How Ralph Waldo Emerson Changed American Poetry

Ralph Waldo Emerson, a central figure in the American transcendentalist movement, revolutionized poetry by emphasizing individual intuition, nature, and spirituality as primary sources of insight and inspiration.

Eschewing traditional European forms and themes, Emerson championed that American poets should forge a unique poetic identity rooted in the American experience. His lyrical style merged personal reflection with broader philosophical inquiry, laying the groundwork for a new poetic tradition that encouraged poets to explore their inner selves and their relationship with the universe, redefining the boundaries and possibilities of American verse.

When significant shifts happen in someone's life, they can frequently be linked to heartrending events. In a parallel manner, Emerson's transformation of American poetry had its roots in a personal tragedy: the death of his eldest son, Waldo.

The bond between them was profound. Born in 1836, Waldo was often seen as a source of immense joy for his father. Tragically, Waldo died of scarlet fever in 1842 when he was just six years old.

The loss was devastating for Emerson. In his journals and subsequent writings, it's evident that the death of his young son deeply affected him. Emerson grappled with profound grief and tried to make sense of the loss philosophically and spiritually.

The first evidence of this revolution in poetry Emerson was first noticed in Emerson's personal writings. He was a prolific journal keeper, and his entries following Waldo's death display a raw, immediate grappling with grief. They offer glimpses into the intimate, personal anguish he felt, juxtaposed with his broader philosophical musings.

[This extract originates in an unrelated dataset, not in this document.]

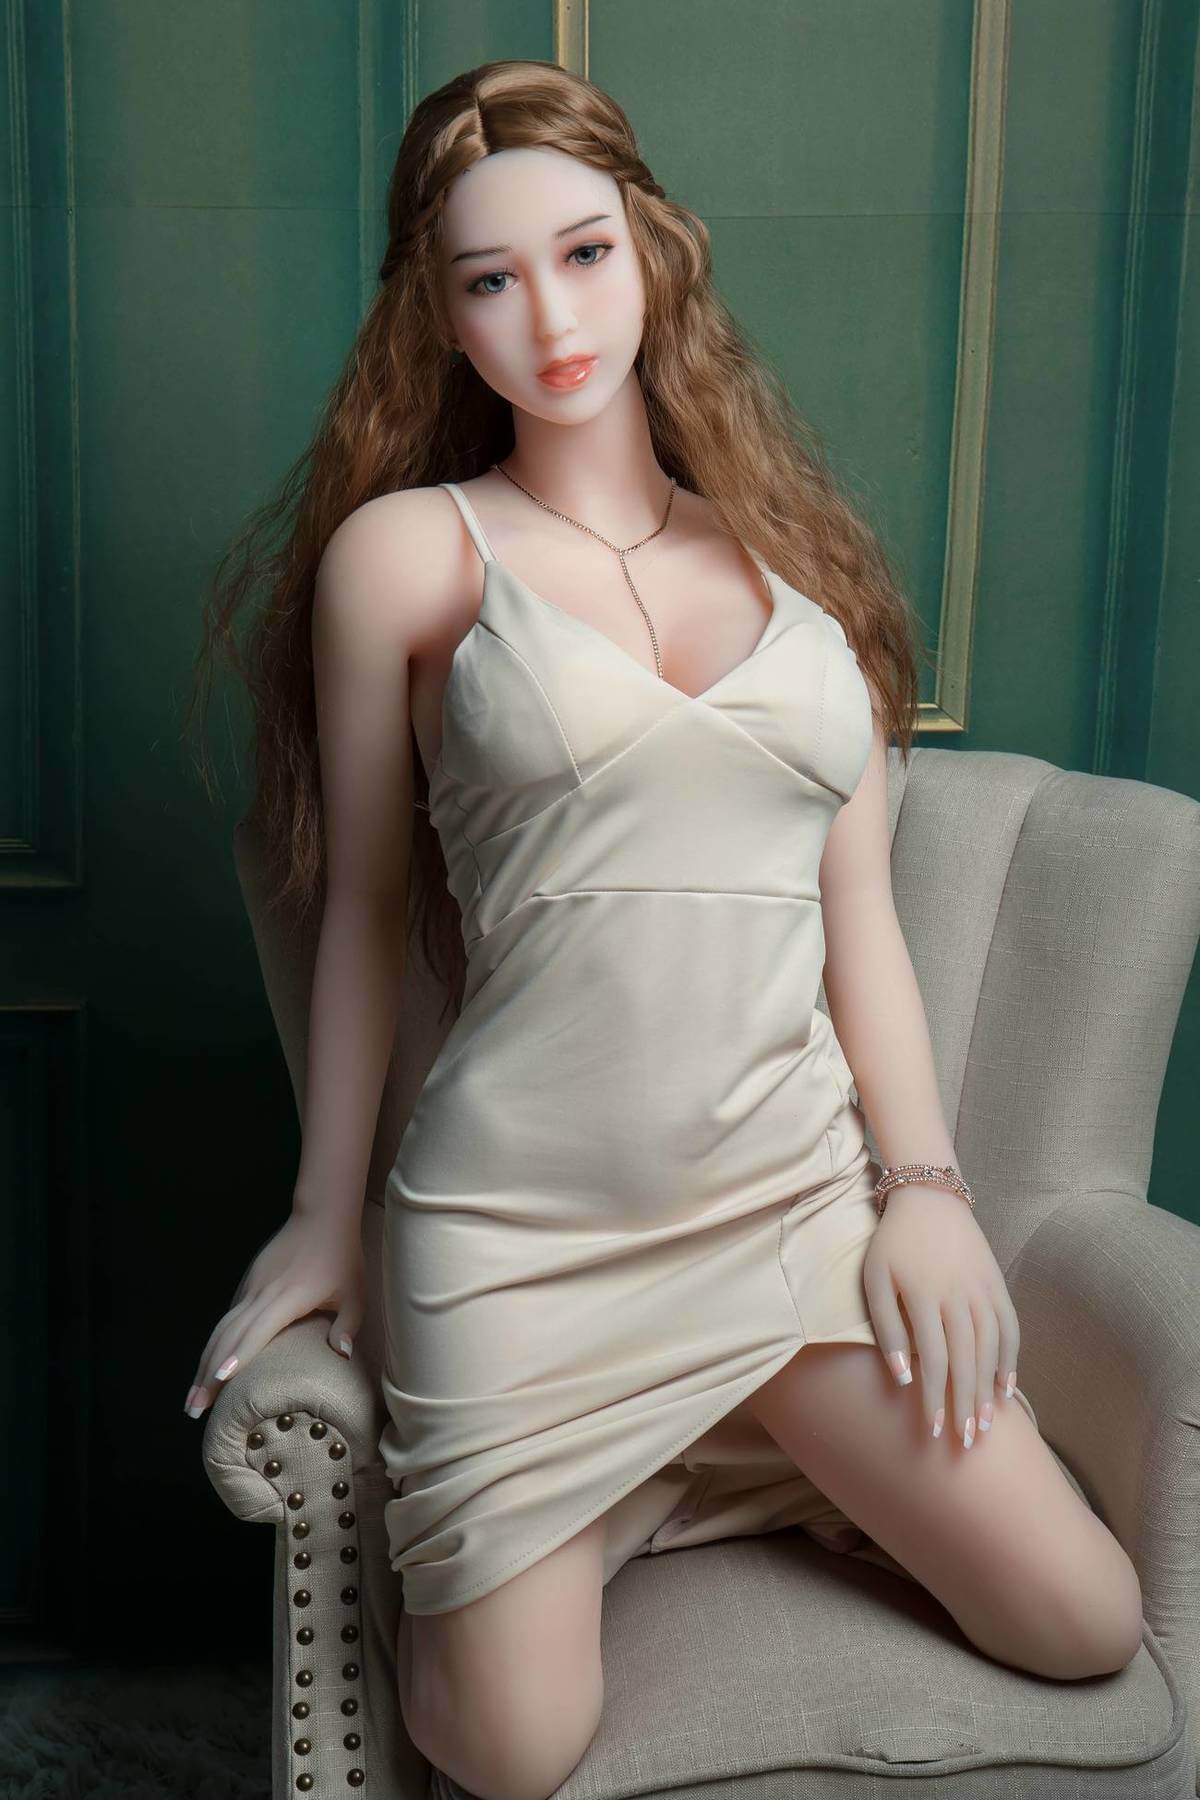 Ασιατική ξανθιά ώριμη σεξ κούκλα - Ιουλιέτα

Then his grief seeped into his poetry.

In "Experience," an essay from his second series, Emerson delves into the nature of grief, loss, and the human experience. While the essay does not solely focus on Waldo, the young boy's death heavily influences its themes. Emerson writes, "Where do we find ourselves? In a series of which we do not know the extremes, and believe that it has none." This reflects the unpredictability of life and the inescapable presence of death.

Waldo's death contributed to a noticeable shift in Emerson's philosophy. Before the tragedy, Emerson's works like "Nature" and "Self-Reliance" were imbued with an optimistic faith in individual potential and the benevolence of the universe. Post-tragedy, his writings took on a more somber, introspective tone, reflecting a deeper contemplation of suffering, fate, and the mysteries of existence.

Emerson's letters and reported conversations with close friends and family members after Waldo's death further elucidate his grief. He frequently expressed a longing to connect with Waldo in the afterlife and sought solace in spiritual and philosophical exploration.

To capture Emerson's emotional depth concerning Waldo's death, one would have to consider not only his overt expressions of grief but also the subtle changes in his outlook on life, the nature of existence, and the human soul's journey. This multifaceted exploration reflects a man deeply pained by personal loss, yet ever the philosopher, trying to find meaning and understanding amidst sorrow.

Unknown by most, Henry David Thoreau and Ralph Waldo Emerson shared a deep and multifaceted relationship, marked by mutual respect, occasional disagreements, and profound intellectual exchanges.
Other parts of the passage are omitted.